The pope notified the cardinals of the loss of the city, and charged the duke of Urbino and the citizens with treason. He asked the duke to be executed, but Francesco Maria responded by charging Alidosi with treason. From Castel del Rio, the cardinal went to Ravenna to give his version. He was accompanied by his brother-in-law, Guido Vaini, and a legatine guard of 100 horsemen. Pope Julius II determined that the traitor had been the duke of Urbino.

==Death==
On 24 May 1511, the duke had an audience with the Pope. He was reproached sourly and exited with eight of his faithful. He went to the lodgings of Cardinal Alidosi, who was staying with Cardinal Marco Vigerio della Rovere, near the church of San Vitale in Ravenna. At the same time, the cardinal, accompanied by his guard, was heading out for the apartments of the Pope, who had invited him to supper. The cardinal saluted the Duke, and a youngster in the Duke's retinue dismounted his horse angrily and advanced towards the cardinal. Taking the bridle of the mule that the cardinal was riding, he stabbed the cardinal in the side.

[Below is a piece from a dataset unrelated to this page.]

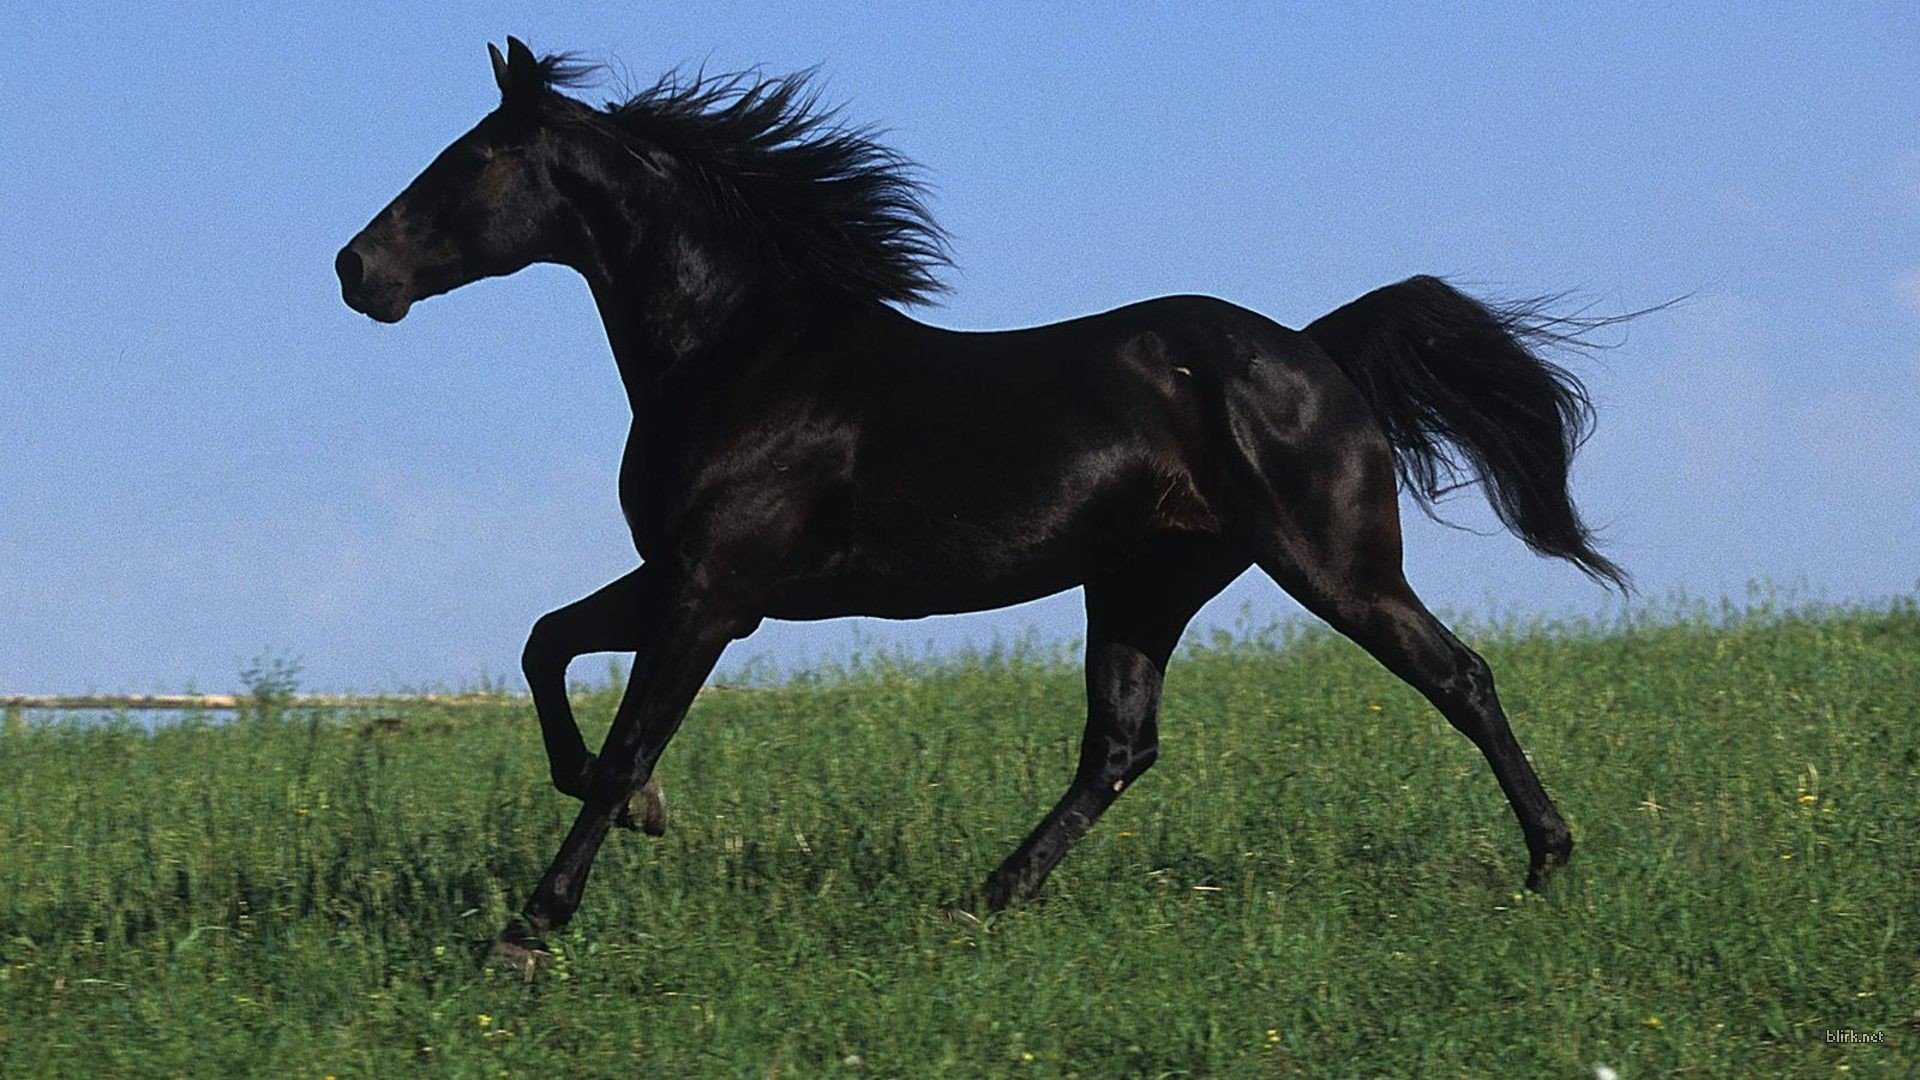 Black Horse Galloping In A Field Of Green Grass Desktop Wallpaper

The cardinal fell off the mule, and once on the ground, a captain cut the cardinal's cheek and one of his ears with a dagger, while Filippo Doria struck a mortal blow in his head.

Herbert Vaughan notes, "'A favourite has no friends,' -- particularly a favourite of the type of Alidosi -- so that many persons, including the Legate's own servants, looked on unconcernedly upon this murder of an unpopular Churchman in broad daylight."

The cardinal's remains were honoured by Pope Julius II with solemn exequies in the cathedral of Ravenna, where they were interred. When the cathedral was demolished in 1745, Gaspare Desiderio Martinetti, a physician, gave the cardinal's skull to the Benedictines of San Vitale, so that it would not get mixed with other bones. From them, it passed to the Classense Library and was exposed to the public. Later, the legate, Cardinal Agostino Rivarola, had it removed and reinterred. From a recognition made on 20 June 1968, the traces of cleaving that he received on the head could still be noticed. In the cathedral of Imola, there is a cenotaph surmounted by the effigy of the cardinal in a bas-relief, and under it, a marble plaque that remembers him and others of his family.

==Personality==
Alidosi's many enemies criticized his supposed sexual activities. Cardinal Pietro Bembo described him as "a man of shameful and criminal life, in whom there was no integrity and no religion, to whom nothing was ever inviolate, nothing chaste, nothing holy."

==Portrayals in fiction==
Francesco Alidosi is a character in the 2011 television series Borgia. He is portrayed by Matt Di Angelo and is depicted as the lover of Cardinal della Rovere. The rumor dates from his lifetime.